Almost twice as many students attended this year's event for early decision applicants as last year's inaugural event. Representatives from the Office of Admission and the Bruin Club said the increase was due to better planning and more foresight.

"Last year, it was kind of thrown together at the last minute," said Rebekah Stein, a Bruin Club executive board member. Invitations to last year's mid-March event were sent a few weeks before the event took place.

"This year, we sent out invitations in (accepted students') admissions packets," Price said. "We also used Facebook to publicize the event and scheduled it on a holiday, so most of the students have the day off from school."

The University admitted 556 early decision applicants to the class of 2016, meaning that nearly half of the admitted early applicants attended Monday's event. Those present were overwhelmingly from New England and the mid-Atlantic region, though close to a dozen hailed from the West Coast or Midwest.  Roughly five students traveled from foreign countries, according to event organizers.

The best part of the day — which included a tour of the campus, lunch in the Sharpe Refectory and a discussion with a panel of current University students — was hearing from a faculty advising panel, said Peter Enriquez '16 of Poughkeepsie, N.Y.

Calling Professor of Geological Sciences Jan Tullis "really inspirational," he added, "It's a little cliched, but she ended her speech saying, ‘Be bold.' I thought that was the best advice of the day. Opportunities aren't going to make themselves. You have to be bold, and seek them out."

While at Brown, Enriquez hopes to expand on a nonprofit he began while in high school called Young Musicians Healing Haiti, which raises money in support of a music school in Haiti's capital, Port-au-Prince.

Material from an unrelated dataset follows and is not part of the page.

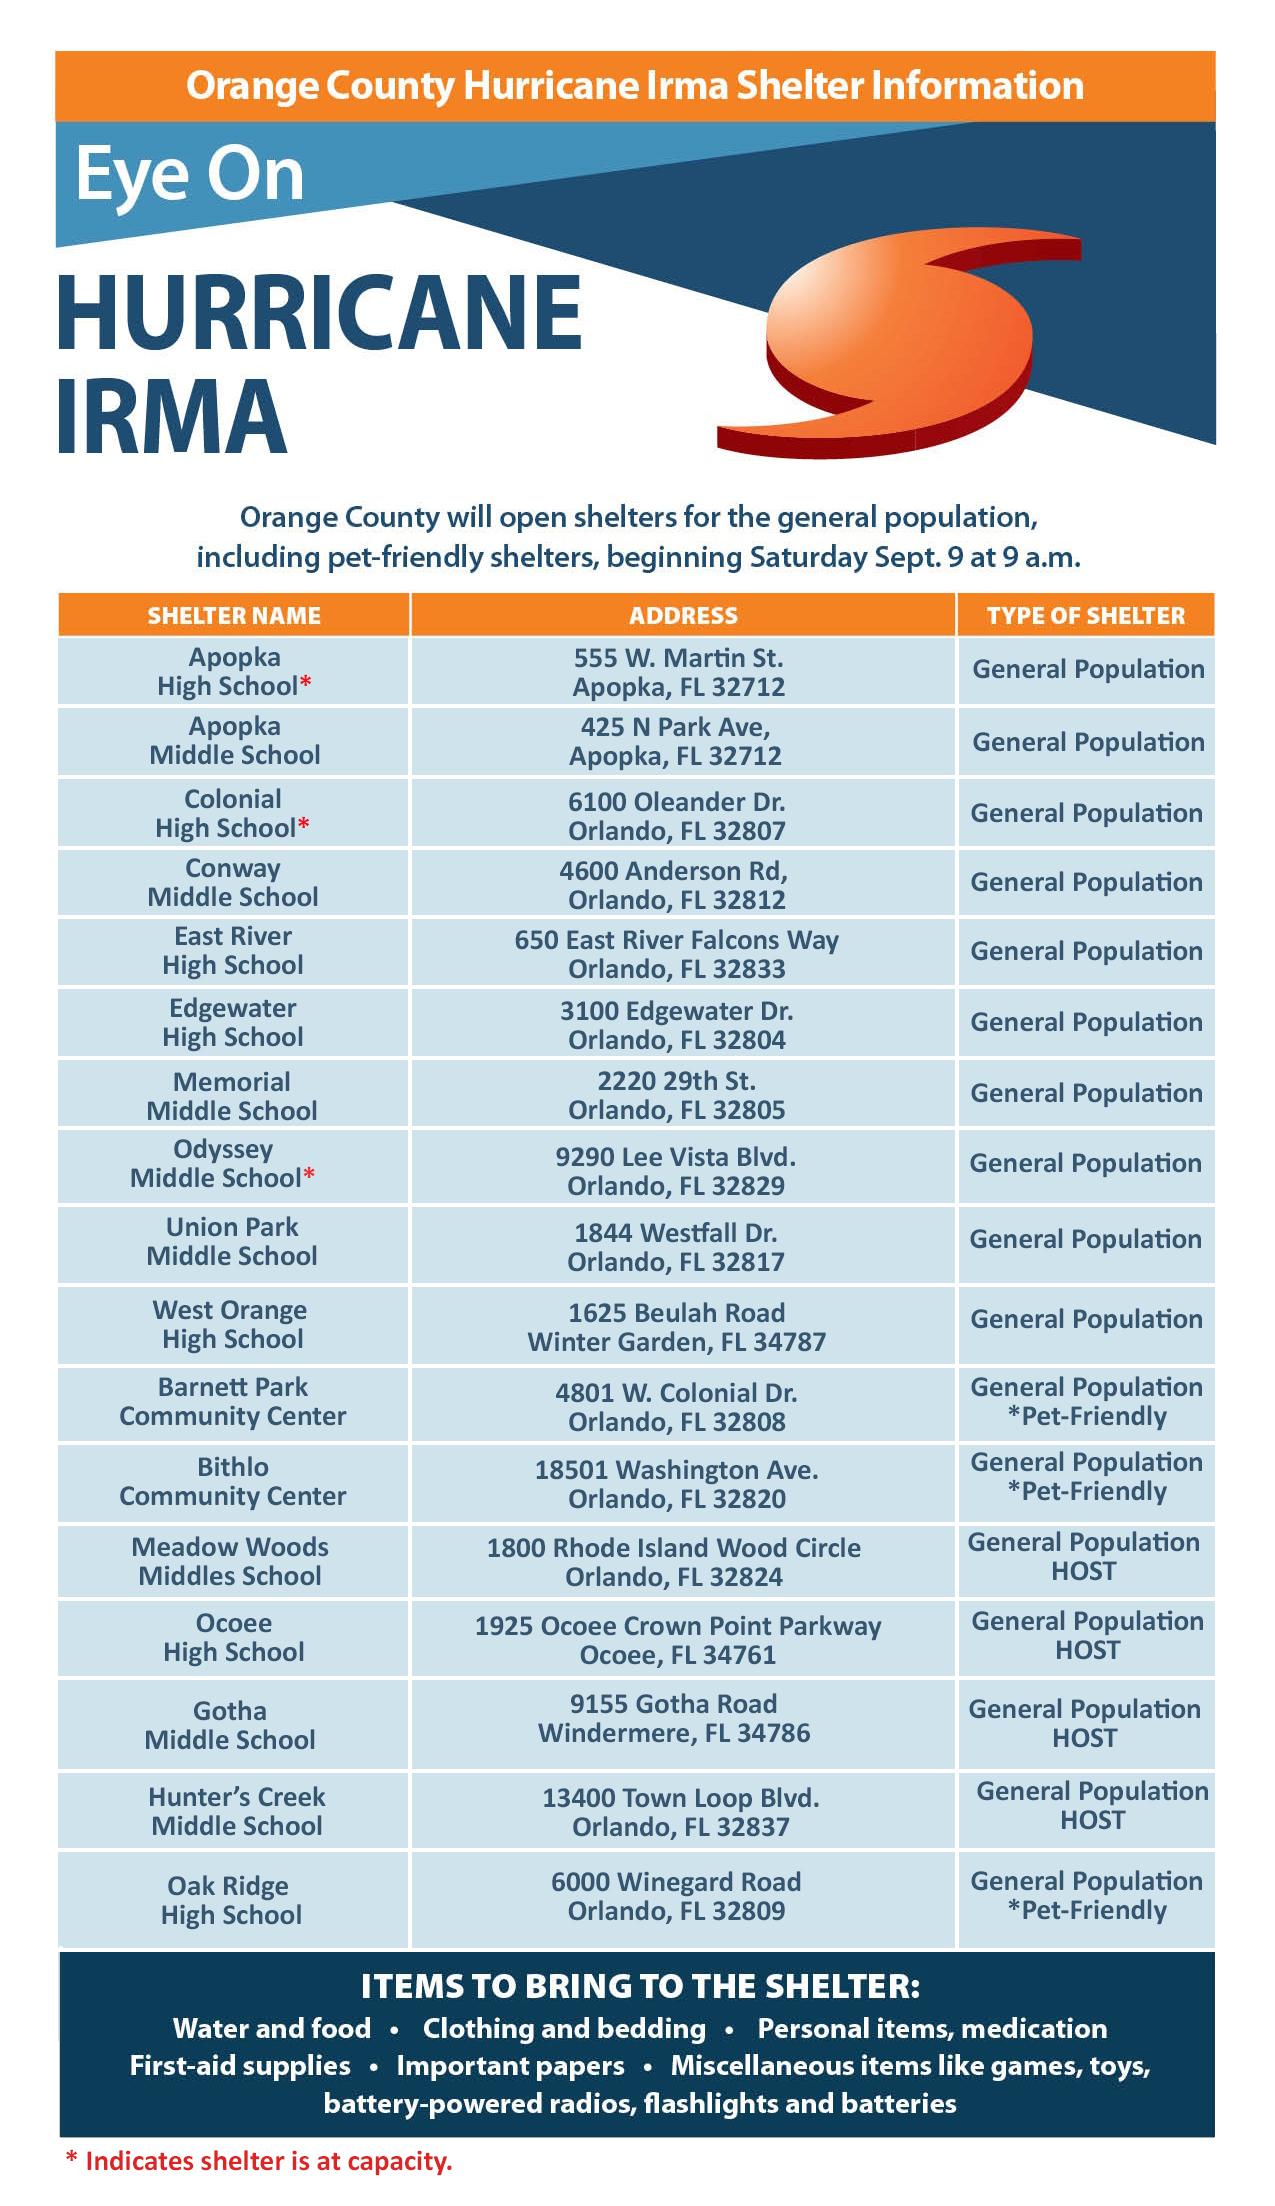 orange county issues mandatory evacuation notice for residents of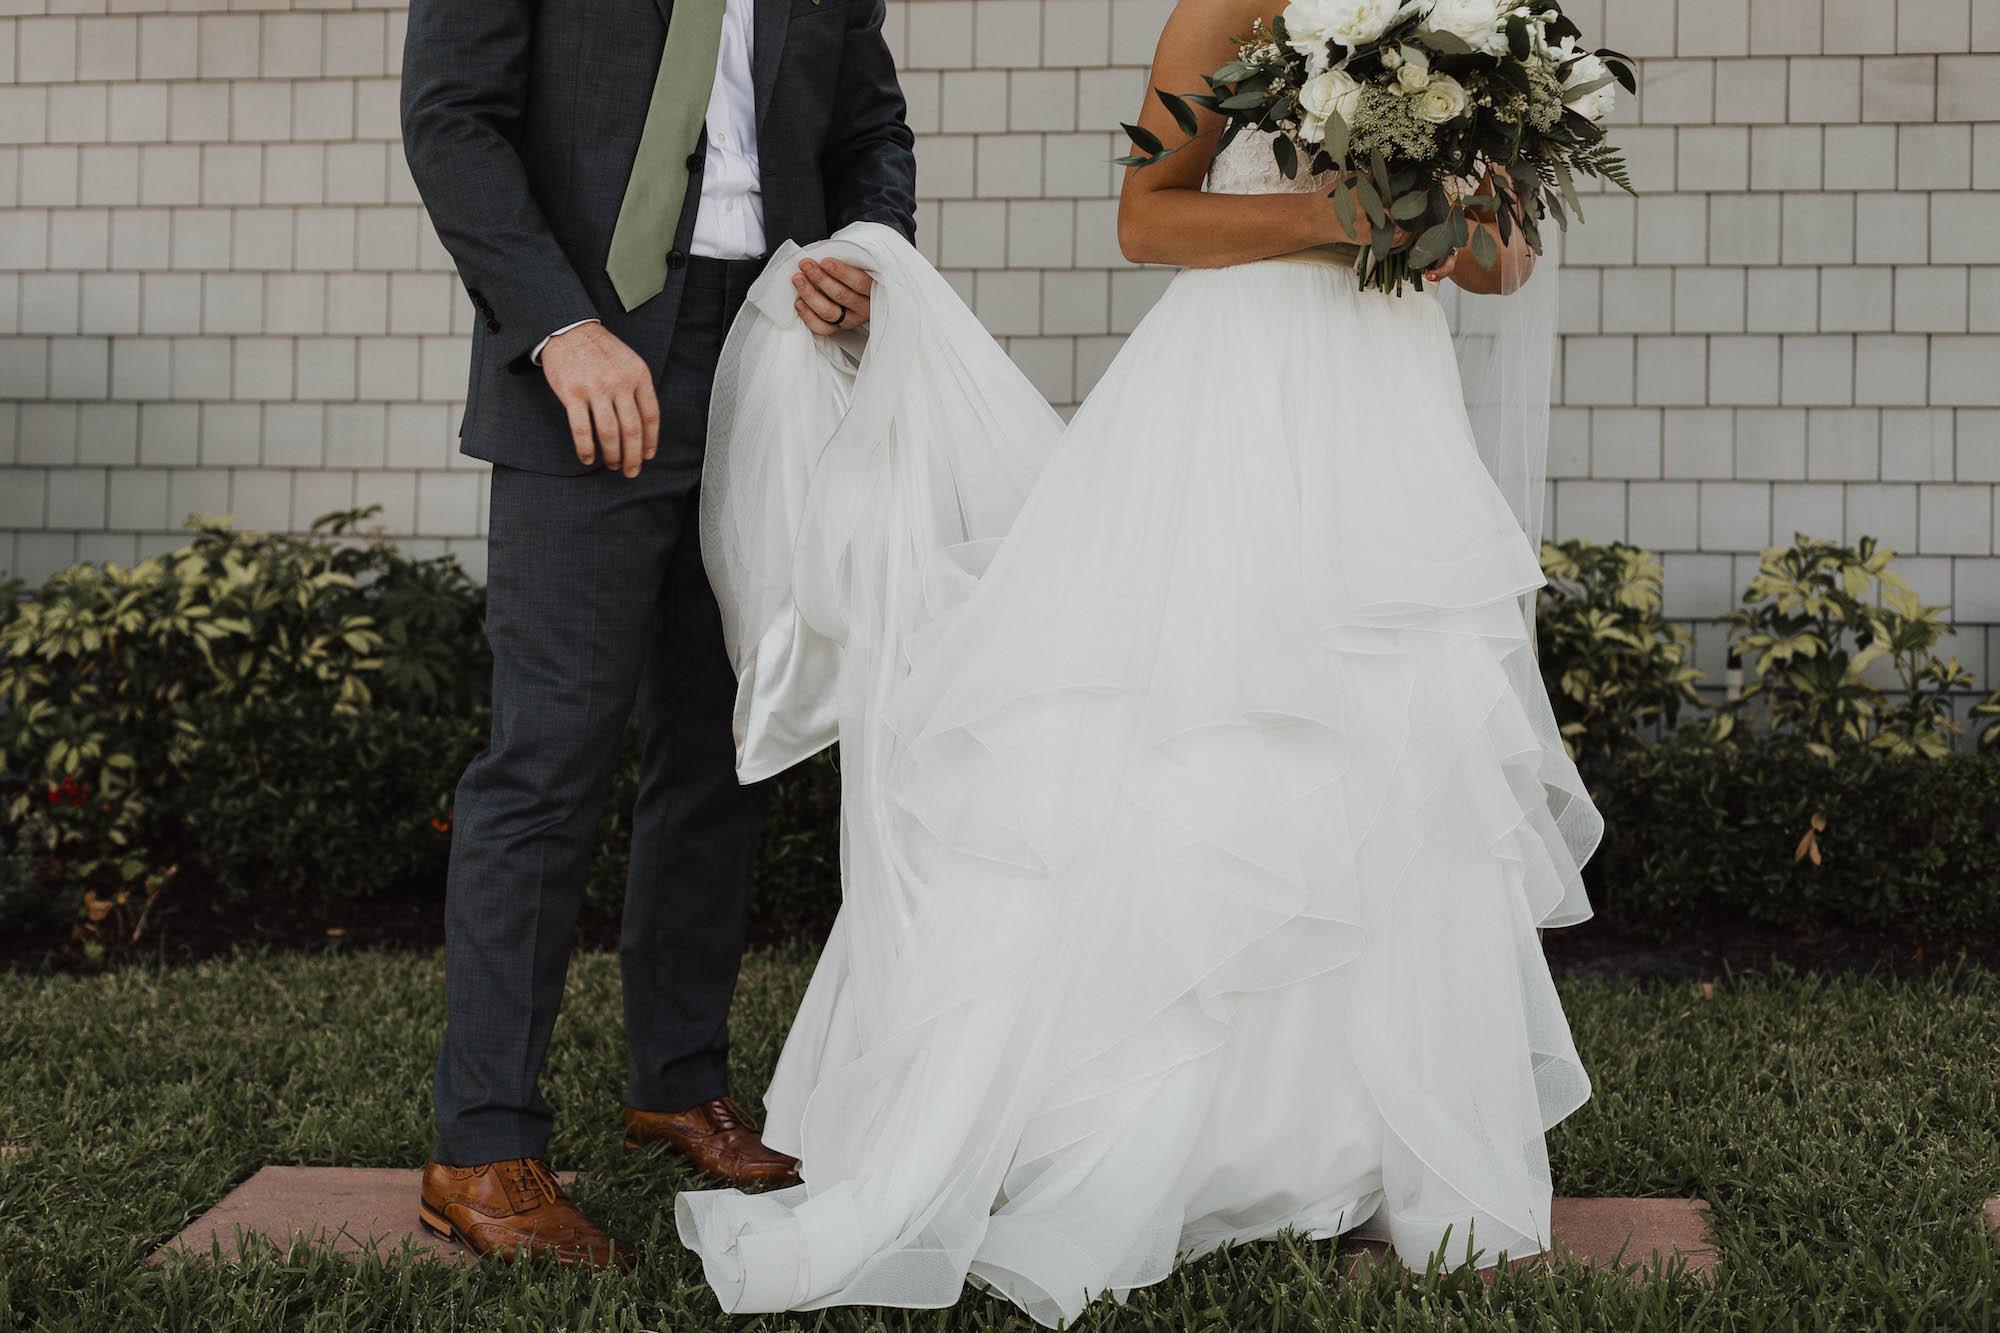 Creative Tampa Groom Holding Bride's Mikaella Cascading Ruffled Skirt Wedding Dress Skirt Portrait

While members of the Bruin Club and Admission Office called the event "A Lunch on College Hill," or ALOCH, among themselves, they have no plans to turn the Early Decision Admitted Students Day into an A Day On College Hill-type event, Stein said.

"It's going to continue to be a lunch, at least for a while," she said.

Early decision students from previous years have voiced their disappointment that they were not invited to ADOCH, The Herald reported last March.

But Obi Onwuamaegbu '15, who attended last year's early decision admitted students day, said the event "answered my questions and answered them honestly."

"I was pretty skeptical, because I'd never been to campus before being accepted ED," he said. Going to the admitted students day "was a huge relief. The event told me about a lot of things that I was looking forward to doing and reassured me that I'd made the right choice."

Still, he said, once he came to school and heard about ADOCH, "I was pretty bummed that I wasn't invited."